Thursday, 9 June 2016
Mark S Seyfried, US Dept Agr ARS, Boise, ID, United States and David G Chandler, Syracuse University, Syracuse, NY, United States
Abstract:
The capacity of the system to store plant available water is a key determinant of how incoming precipitation is partitioned between deep percolation and evapotranspiration. Wherever there is a significant dry season, the success of crops and the distribution of native vegetation in upland environments is strongly linked to this storage capacity because it modulates plant water stress and delivery of water to streams and groundwater. This has long been recognized and is part of most ecohydrology models.

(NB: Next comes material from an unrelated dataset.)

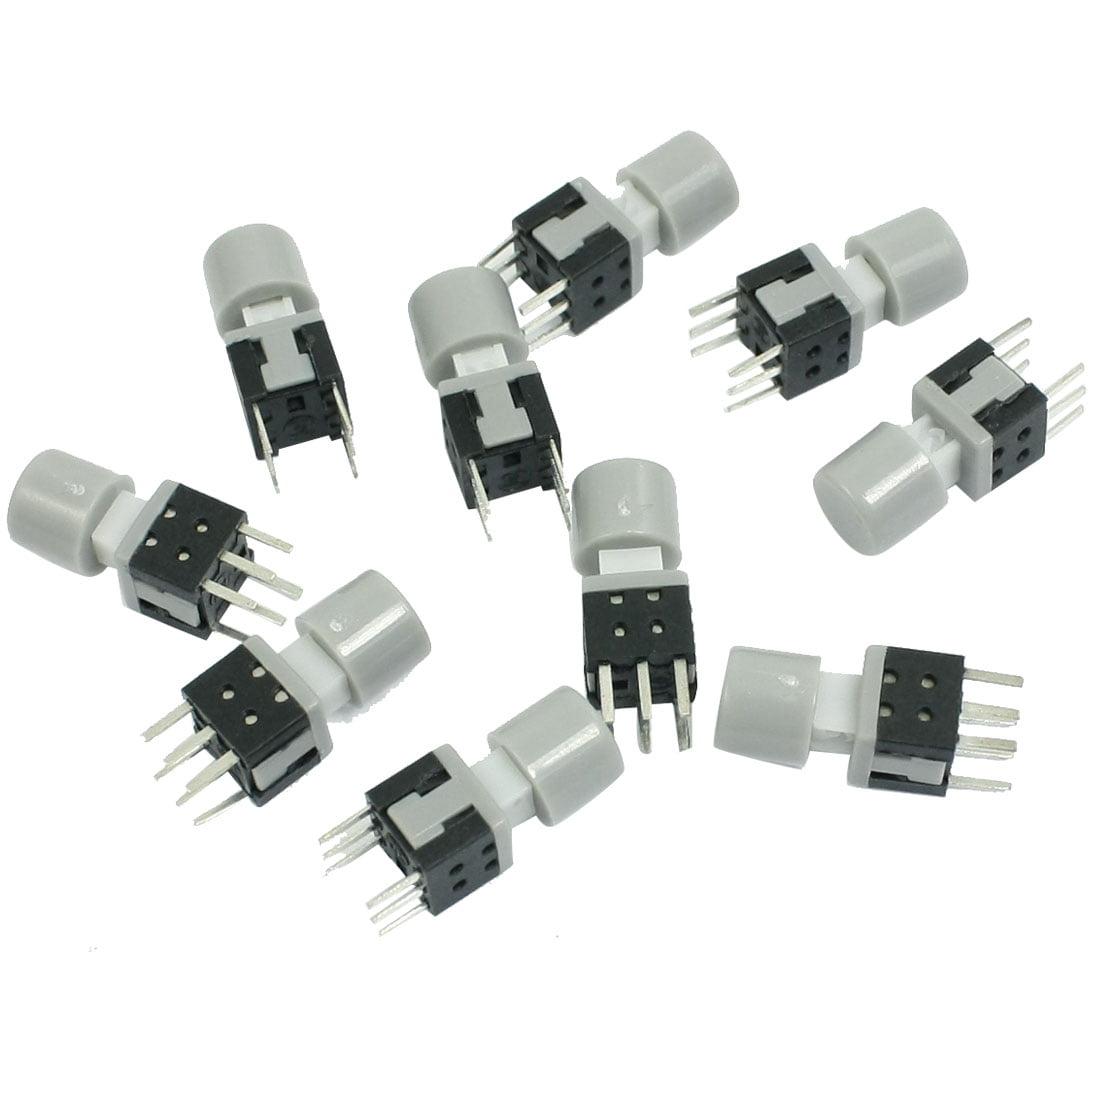 Thermal Dynamic 9-8237 Shield Cup SL60//100 Plasma Torch Mfg After Market 1PK

Unfortunately, storage capacity is usually viewed as a texture-based static soil property. From an ecohydrological viewpoint it is also dependent on overlying vegetation and the underlying geology or parent material. The dependence on vegetation is most obviously expressed in the rooting depth, which changes dramatically with different cropping systems, which often leave the soil bare, but also changes with vegetation type. The nature of underlying material is also critical. Traditional approaches generally do not consider regolith as “soil” in storage calculations or truncate the soil at an arbitrary depth. Plant roots do not respect those boundaries and may receive substantial amounts of water from below the soil. We illustrate these concepts with field data and model simulations from a gradient of precipitation regimes ranging from low to high annual precipitation and a variety of cover/geology combinations. These added considerations greatly alter vegetation/soil relationships both temporally and spatially. We believe that this more functional approach to quantifying plant available water storage will improve our understanding and interpretation of interactions between vegetation and hydrology.